Чуть позже Дэфни как-то вдруг, без перехода, снова заговорила о своих предыдущих связях. Первый раз она по уши влюбилась в женатого человека. Ей тогда не исполнилось и двадцати, а ему было под сорок. Он уже успел облысеть, но, как сказала Дэфни, она ничего не имела против лысины своего возлюбленного и вообще ее не замечала. У него были красивые, с поволокой глаза. Этот человек ухаживал за ней с какой-то мрачной свирепостью; казалось, он жил только ее расцветающей любовью, но не мог порвать с женой, хотя, по его словам, ненавидел ее. Она жаловался Дэфни на тиранию и деспотизм жены и тем не менее каждый раз возвращался к ней. Увлечение продолжалось два года. Как ни странно, его мучительная тоска по ней и личной свободе, ее собственные страдания, неопределенность, ревнивые сомнения в перерывах между встречами, страх перед последствиями, если связь откроется, - все это доставляло ей больше радости, чем могла бы принести счастливая любовь.
В начале своего рассказа Дэфни посматривала на меня просто доверчиво, но по мере того, как воспоминания о пережитом чувстве разжигали в ней обычную живость и темперамент, ее взгляд все откровеннее выражал страстное желание и в конце концов она воскликнула:
- С тобою, Боу, все иначе, иначе!
Мне показалось, что она добивается от меня одного: любви более пламенной и чувственной, я понял ее так, как хотел понять, и потому ответ мой, увы, оказался неполным, эгоистичным, вовсе не тем ответом, какой она жаждала услышать.
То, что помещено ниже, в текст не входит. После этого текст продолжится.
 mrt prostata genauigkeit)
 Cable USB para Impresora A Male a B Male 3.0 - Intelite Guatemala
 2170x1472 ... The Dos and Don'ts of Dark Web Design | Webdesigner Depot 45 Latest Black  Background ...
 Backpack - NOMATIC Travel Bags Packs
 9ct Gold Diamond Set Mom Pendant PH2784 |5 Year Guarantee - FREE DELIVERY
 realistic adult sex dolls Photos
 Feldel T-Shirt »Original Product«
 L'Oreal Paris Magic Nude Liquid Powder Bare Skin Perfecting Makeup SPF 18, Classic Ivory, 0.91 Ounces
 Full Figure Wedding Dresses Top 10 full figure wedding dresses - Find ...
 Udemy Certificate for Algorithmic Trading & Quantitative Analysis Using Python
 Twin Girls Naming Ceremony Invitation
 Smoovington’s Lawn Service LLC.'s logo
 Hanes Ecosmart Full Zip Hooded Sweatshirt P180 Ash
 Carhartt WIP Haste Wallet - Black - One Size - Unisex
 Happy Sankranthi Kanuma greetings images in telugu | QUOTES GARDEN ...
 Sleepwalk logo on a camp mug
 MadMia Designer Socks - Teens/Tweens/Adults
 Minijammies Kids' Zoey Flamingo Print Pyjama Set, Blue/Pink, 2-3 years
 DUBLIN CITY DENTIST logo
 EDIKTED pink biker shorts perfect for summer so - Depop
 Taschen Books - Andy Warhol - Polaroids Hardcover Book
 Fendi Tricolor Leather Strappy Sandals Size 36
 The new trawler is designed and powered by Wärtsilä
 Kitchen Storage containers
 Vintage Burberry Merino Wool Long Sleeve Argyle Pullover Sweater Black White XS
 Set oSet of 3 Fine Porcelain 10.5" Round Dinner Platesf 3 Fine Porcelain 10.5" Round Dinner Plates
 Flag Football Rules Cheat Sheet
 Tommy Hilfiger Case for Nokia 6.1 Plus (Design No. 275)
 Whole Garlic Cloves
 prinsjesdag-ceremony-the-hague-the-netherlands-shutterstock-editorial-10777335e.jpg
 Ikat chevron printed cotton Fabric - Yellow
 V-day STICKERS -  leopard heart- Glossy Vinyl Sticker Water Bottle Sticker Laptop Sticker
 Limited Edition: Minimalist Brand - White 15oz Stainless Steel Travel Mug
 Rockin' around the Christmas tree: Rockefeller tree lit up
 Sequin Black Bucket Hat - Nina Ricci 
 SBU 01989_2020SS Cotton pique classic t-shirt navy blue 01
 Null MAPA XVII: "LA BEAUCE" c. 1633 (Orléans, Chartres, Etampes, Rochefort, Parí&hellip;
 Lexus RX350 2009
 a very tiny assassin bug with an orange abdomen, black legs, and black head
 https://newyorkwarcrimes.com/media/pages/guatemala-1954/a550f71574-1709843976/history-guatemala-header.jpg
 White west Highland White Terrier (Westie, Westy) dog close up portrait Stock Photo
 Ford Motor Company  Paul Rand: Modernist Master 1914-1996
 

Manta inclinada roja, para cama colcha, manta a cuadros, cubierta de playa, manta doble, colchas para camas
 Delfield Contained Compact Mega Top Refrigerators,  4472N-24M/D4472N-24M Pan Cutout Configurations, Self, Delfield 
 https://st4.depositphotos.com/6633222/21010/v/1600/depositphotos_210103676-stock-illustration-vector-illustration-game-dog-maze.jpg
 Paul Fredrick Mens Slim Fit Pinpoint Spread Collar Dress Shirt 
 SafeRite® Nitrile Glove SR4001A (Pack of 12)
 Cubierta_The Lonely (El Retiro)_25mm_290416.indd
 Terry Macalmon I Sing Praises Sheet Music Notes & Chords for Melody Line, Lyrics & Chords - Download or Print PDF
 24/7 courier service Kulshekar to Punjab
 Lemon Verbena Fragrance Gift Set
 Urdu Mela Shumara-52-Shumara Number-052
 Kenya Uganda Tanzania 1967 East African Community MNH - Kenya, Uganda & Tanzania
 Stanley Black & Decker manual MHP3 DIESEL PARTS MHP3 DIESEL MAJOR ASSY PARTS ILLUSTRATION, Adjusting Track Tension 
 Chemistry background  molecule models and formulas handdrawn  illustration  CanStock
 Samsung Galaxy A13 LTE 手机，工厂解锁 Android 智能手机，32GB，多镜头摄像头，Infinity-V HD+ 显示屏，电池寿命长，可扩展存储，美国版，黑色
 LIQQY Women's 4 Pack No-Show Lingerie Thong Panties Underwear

- Я вот о чем думал, - нетерпеливо сказал я. - Надо бы снять для тебя комнату в Бертлеке, ты сможешь бросить службу, переехать сюда на постоянное жительство, и мы с тобой все время будем вместе. В Штатах у меня накопилась целая куча денег, отчисления из жалованья (именно так, припоминаю, выразился Мерроу в тот день, когда мы ездили с ним в Мотфорд-сейдж на велосипедах), - того и гляди, начнут гнить. Не вижу никаких причина, почему бы не сделать так.